I'm still coming to terms with my WAW (Walk away wife) but with the support I've been getting on these boards and the principles contained in the DR book, I'm slowly coming to terms with my situation. Don't get me wrong, I still very want to get my W back but the main goal someone in our situation has to work on is becoming comfortable with yourself.

There are a few basic principles to Divorce Busting which you will here repeated on these boards time after time. Take note of them and follow that advice. It's invaluable. There are still plenty of people on here posting who have come out of the other side with a stronger relationship than they had before. The two that spring to mind immediately are Coach and Saffie. Look them up. They are very wise with their advice and always willing to give someone support. Also, look up Sandi2. She has compiled a fantastic list of do's and don'ts in divorce busting.

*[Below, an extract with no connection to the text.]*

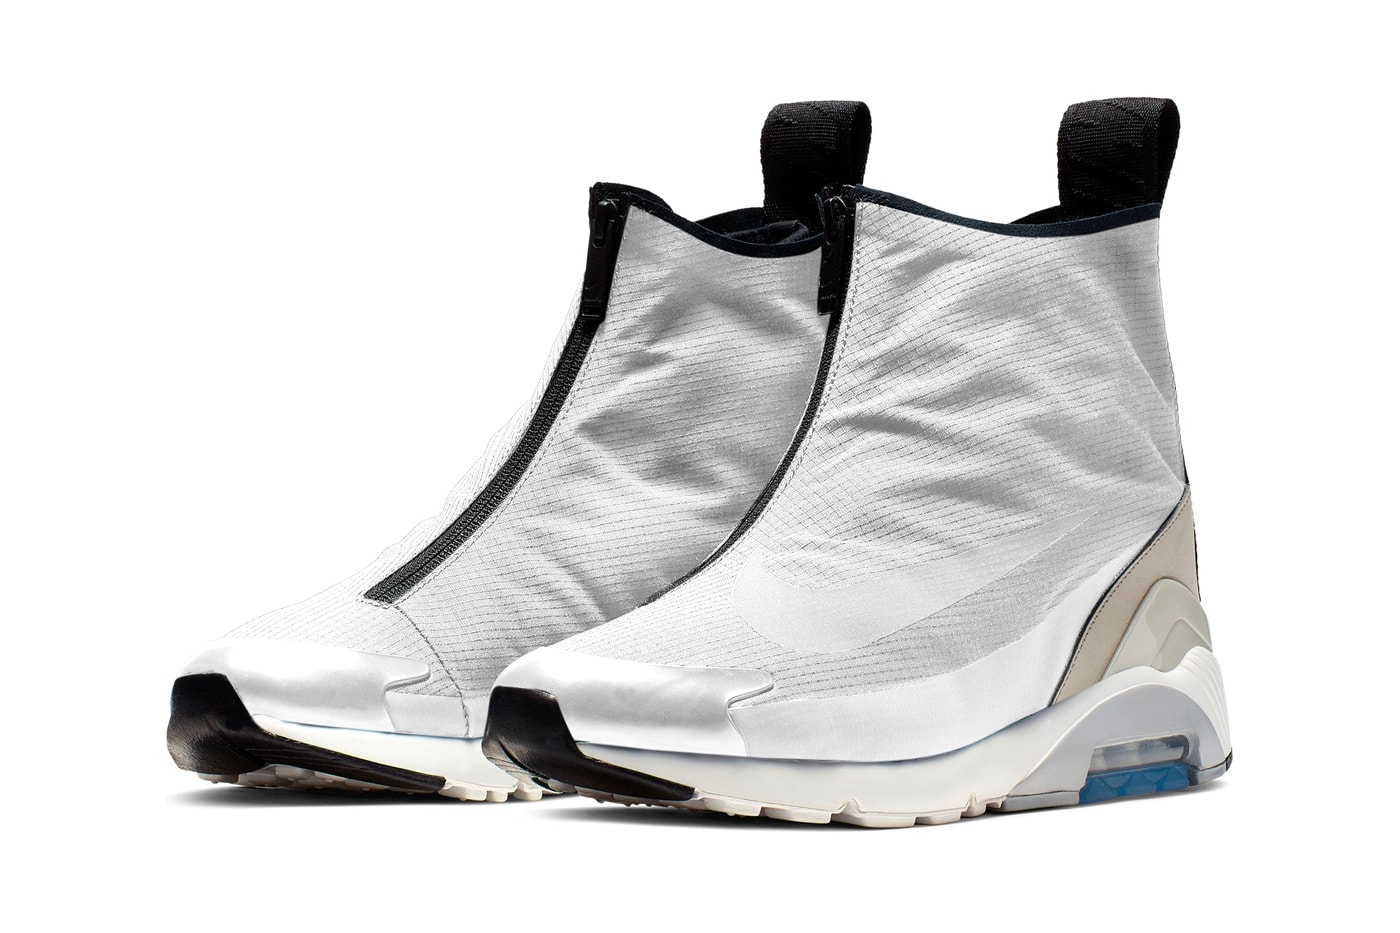 Ambush Nike Air Max 180 "Light Bone" Release Info BV0145-100 drop date pricing stockist price White White-Pale Grey-Light Bone April 26 Yoon Ahn

Basically, what it boils down to is that you need to work on yourself. You are the only person who you have the ability to change so start working from there. GAL (Get a Life) by going out and starting a new hobby or catching up with old friends. Do some 180's. This means do something which is the complete opposite from what you would normally do.

Your W is lost at the moment and she needs to find herself. Make yourself in to someone she will want to come back to. You shouldn't believe half of the things she says to you. They're said out of anger and confusion. It's good that you already say that her words are like water off a duck's back. That's a great way to remain.

So, keep posting, find yourself, and don't lose heart. There are many success stories within these boards where you can go if you need some encouragement. Good luck on your journey.

Kev


Me: 32, Wife: 22
Son: 2
Married: 2 years
Separated: January 5th 2009

Sometimes you have to become lost before you can find yourself.